Wang Lei, Wu Fei, Liu Xiaoqing, Cao Jilong, Ma Mingwei, Qu Zhaoyang
School of Computer Science, Northeast Electric Power University, Jilin, 132012, China.
Jilin Institute of Chemical Technology, Jilin, 132022, China.
Sci Rep. 2025 May 6;15(1):15750. doi: 10.1038/s41598-025-00915-5.
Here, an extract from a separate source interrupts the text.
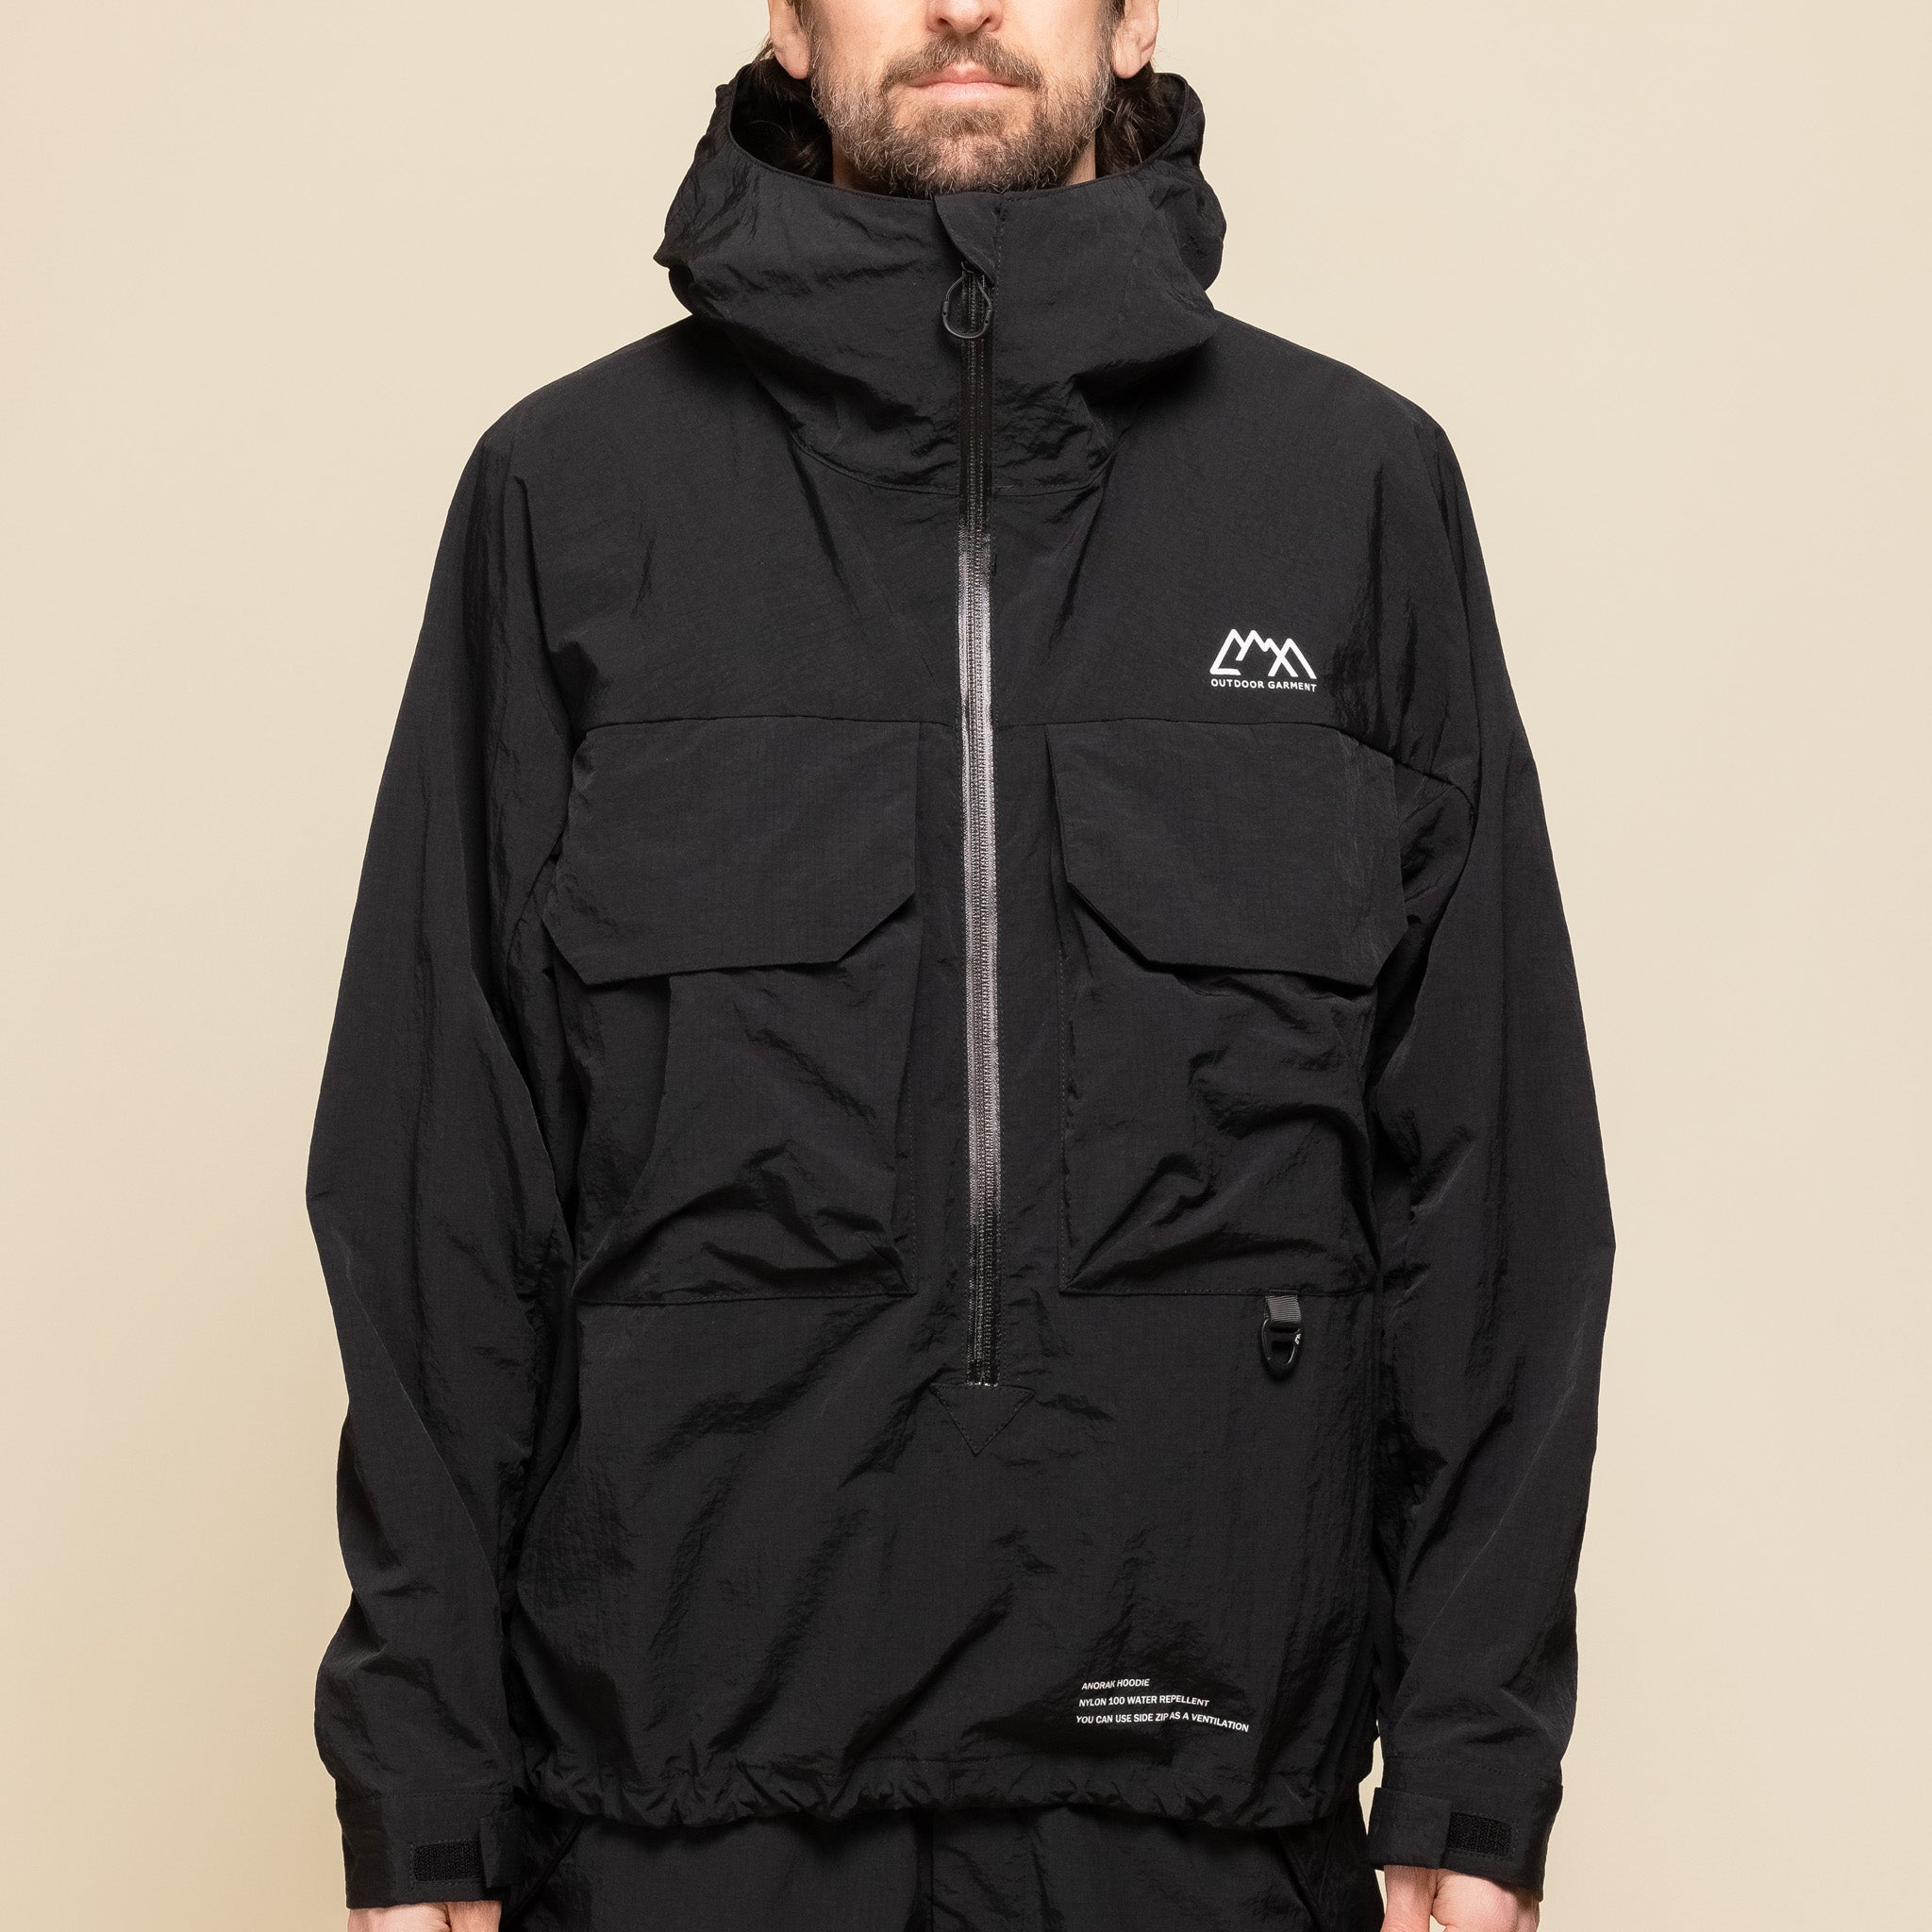 CMF Comfy Outdoor Garment - Anorak Hoodie Jacket - Black

Relation extraction plays a crucial role in tasks such as text processing and knowledge graph construction. However, existing extraction algorithms struggle to maintain accuracy when dealing with long-distance dependencies between entities and noise interference. To address these challenges, this paper proposes a novel relation extraction method that integrates semantic and syntactic features for handling noisy long-distance dependencies. Specifically, we leverage contextual semantic features generated by the pre-trained BERT model alongside syntactic features derived from dependency syntax graphs, effectively utilizing the complementary strengths of both sources of information to enhance the model's performance in long-distance dependency scenarios. To further improve robustness, we introduce a Self-Attention-based Graph Convolutional Network (SA-GCN) to rank neighboring nodes within the syntactic graph, filtering out irrelevant nodes and capturing long-distance dependencies more precisely in noisy environments. Additionally, a residual shrinking network is incorporated to dynamically remove noise from the syntactic graph, further strengthening the model's noise resistance. Moreover, we propose a loss computation method based on predictive interpolation, which dynamically balances the contributions of semantic and syntactic features through weighted interpolation, thereby enhancing relation extraction accuracy. Experiments conducted on two public relation extraction datasets demonstrate that the proposed method achieves significant improvements in accuracy, particularly in handling long-distance dependencies and noise suppression.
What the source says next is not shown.